Jack Schwefel has been appointed chief executive officer of Vince Holding Corp. The move is effective March 29.
Schwefel will be based at the company’s New York headquarters and succeeds David Stefko, who has been interim CEO since Aug. 28. Stefko will continue as executive vice president, chief financial officer of the company.
Stefko had taken over after the resignation of Brendan Hoffman, who became president of Wolverine Worldwide.
Schwefel was CEO of Cost Plus Inc. from 2017 to 2021, where he transformed the organization with a focus on omnichannel performance, data-driven merchandising ad marketing and partnerships. Before that, he was CEO of Dutch Fashion LLC from 2014 to 2017, where he started as a member of the board of directors in 2012. At Dutch Fashion, he quickly expanded the retail division across all three brands: Joie, Equipment and Current/Elliott and relaunched Current/Elliott Men. Previously, he was CEO of Sur La Table from 2006 to 2014. Schwefel has also held various executive and senior management posts both domestically and internationally at brands such as Gap, Esprit, Kohl’s and Toys “R” Us.

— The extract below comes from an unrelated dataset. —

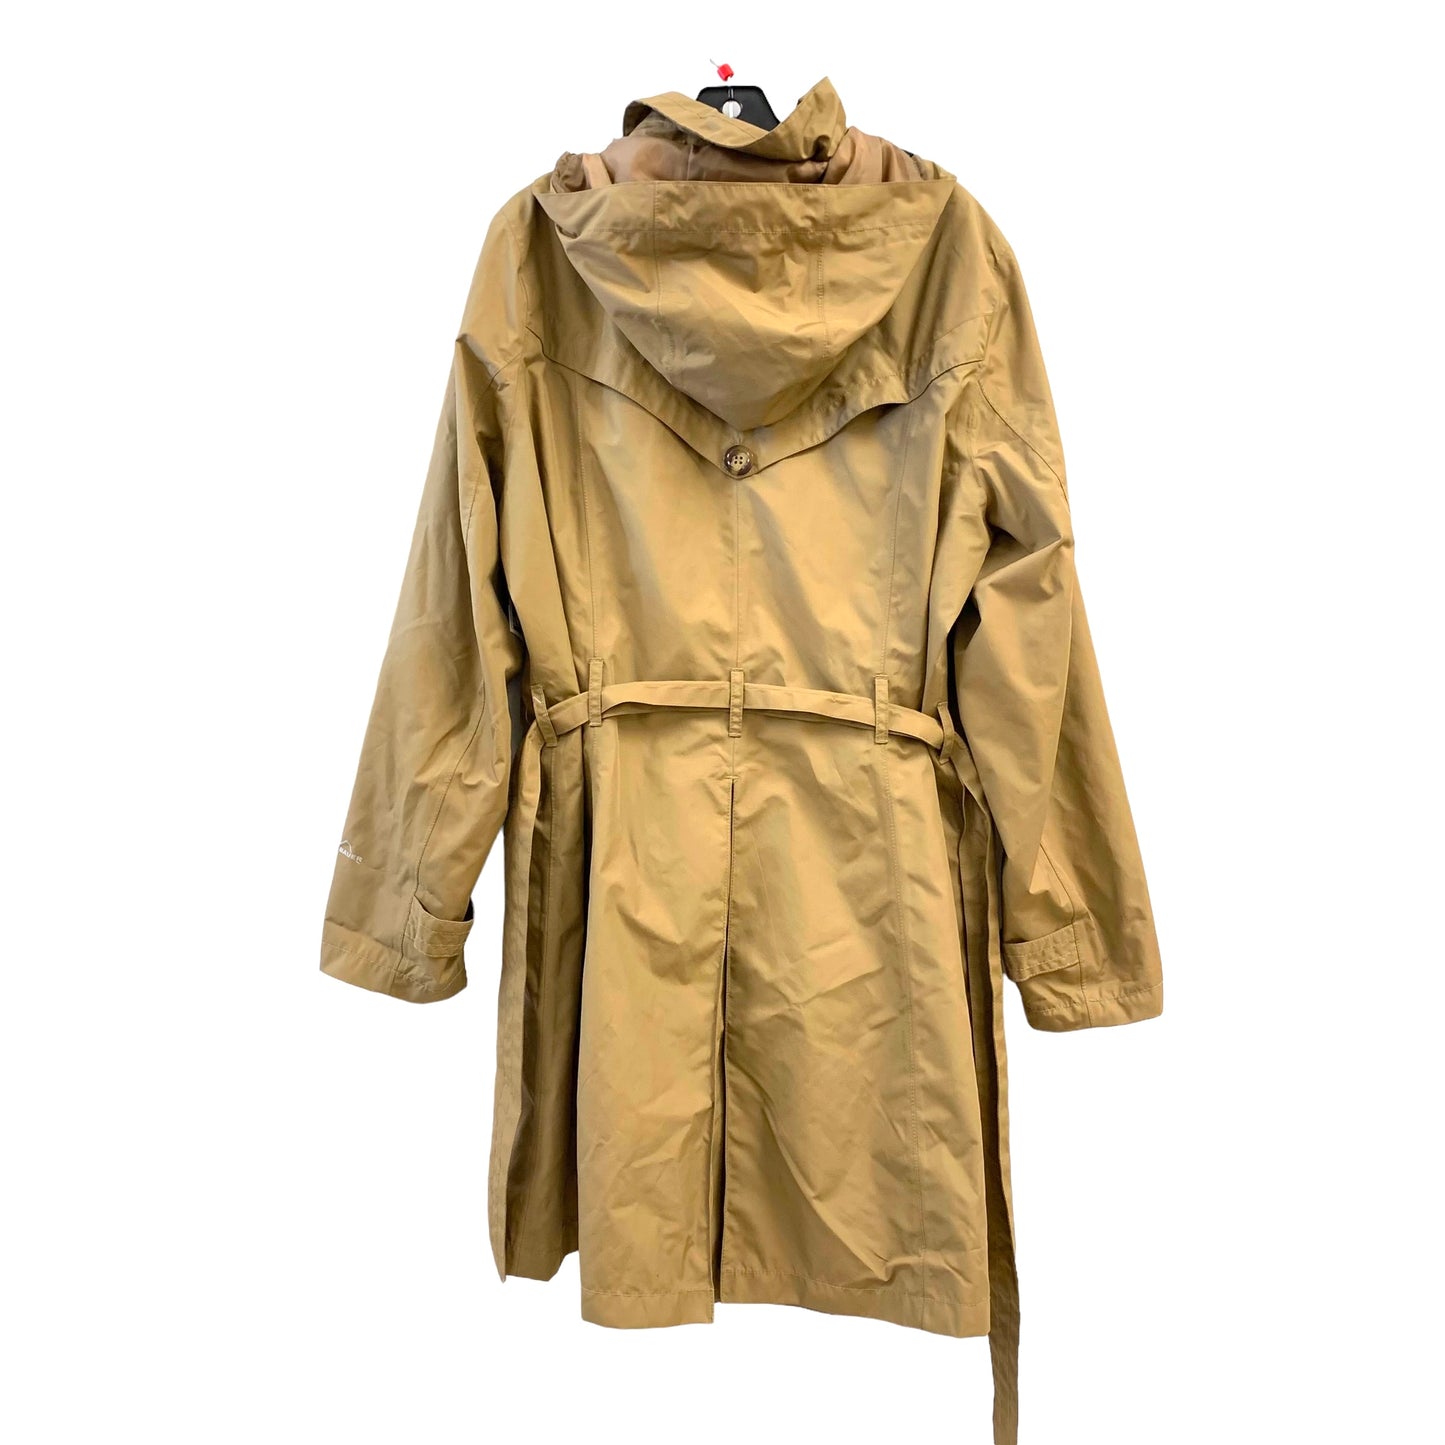 Coat Trench Coat By Eddie Bauer  Size: Xxl

Vince retained the executive search partner Kirk Palmer Associates to assist in finding a CEO.
Marc Leder, chairman of the board of Vince Holding, said, “We are delighted to announce the appointment of Jack as the CEO of Vince Holding Corp. His strong track record of driving profitable growth combined with his expertise in development and implementing omnichannel strategies will be ideal to continue to grow Vince. We would also like to thank Dave Stefko for his exceptional leadership as interim CEO and look forward to his continued contributions as chief financial officer.”
Commenting on his appointment, Schwefel said he was pleased to join the company “at this exciting time as we execute the next phase of growth for the Vince brand and continue to advance the progress made at Rebecca Taylor.”
“These are two incredible brands with tremendous potential, which are supported by extraordinary creative leadership. I look forward to working with the teams to further strengthen the foundation and drive the strategies to deliver long term profitable growth for our shareholders,” Schwefel said.
For the third quarter ended Oct. 31, Vince’s net income fell to $5 million compared to $6 million a year ago, though the contemporary brand cited sequential improvement in sales trends and market share gains at department stores. Net sales in the last quarter declined 34 percent to $69 million from $104.5 million in the same period last year.
Vince returned to Bloomingdale’s in the third quarter, in 10 locations, and on Bloomingdale’s website. A few years ago, Vince pulled out of Bloomingdale’s, as well as Saks Fifth Avenue, to focus on selling Neiman Marcus and Nordstrom. “With the pandemic, there’s been a reduced consumer demand at all department stores so we knew there would be space,” to return to Bloomingdale’s, Stefko said when disclosing last quarter’s results.
“We believe we performed very well and not just with e-commerce and direct-to-consumer. More importantly, we performed well in the wholesale channel,” Stefko said at the time.
Last month, Vince opened its first store in the Hamptons, on Main Street in East Hampton, N.Y. That represented the brand’s 49th full-price retail store. The company also has 15 outlet stores and its e-commerce site.